Fast Hadamard Transform in CUDA, with a PyTorch interface

Features:

Support fp32, fp16, bf16, for dimension up to 32768.
Implicitly pad with zeros if dimension is not a power of 2.

How to use

from fast_hadamard_transform import hadamard_transform

def hadamard_transform(x, scale=1.0):
    """
    Arguments:
        x: (..., dim)
        scale: float.

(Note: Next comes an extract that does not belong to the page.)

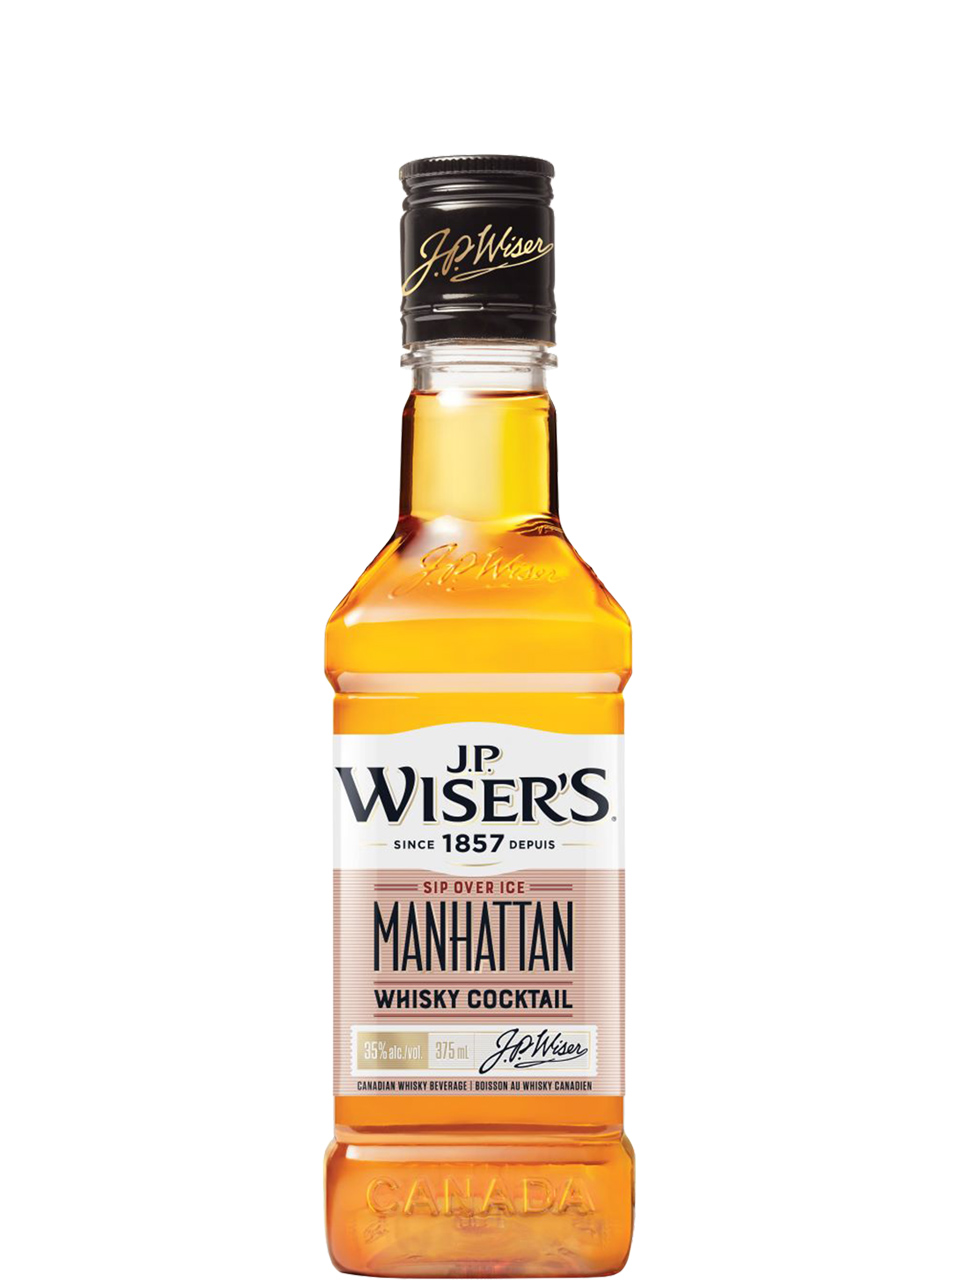 J.P. Wiser's Manhattan Whisky Cocktail

Multiply the output by this number.
    Returns:
        out: (..., dim)

    Multiply each row of x by the Hadamard transform matrix.
    Equivalent to F.linear(x, torch.tensor(scipy.linalg.hadamard(dim))) * scale.
    If dim is not a power of 2, we implicitly pad x with zero so that dim is the next power of 2.
    """

Speed

Benchmarked on A100, for not too small batch size, compared to memcpy (torch.clone), which is a lower bound for the time taken as we'd need to read inputs from GPU memory and write output to GPU memory anyway.

Data type	Dimension	Time taken vs memcpy
fp16/bf16	<= 512	1.0x
	512 - 8192	<= 1.2x
	16384	1.3x
	32768	1.8x
fp32	<= 8192	1.0x
	16384	1.1x
	32768	1.2x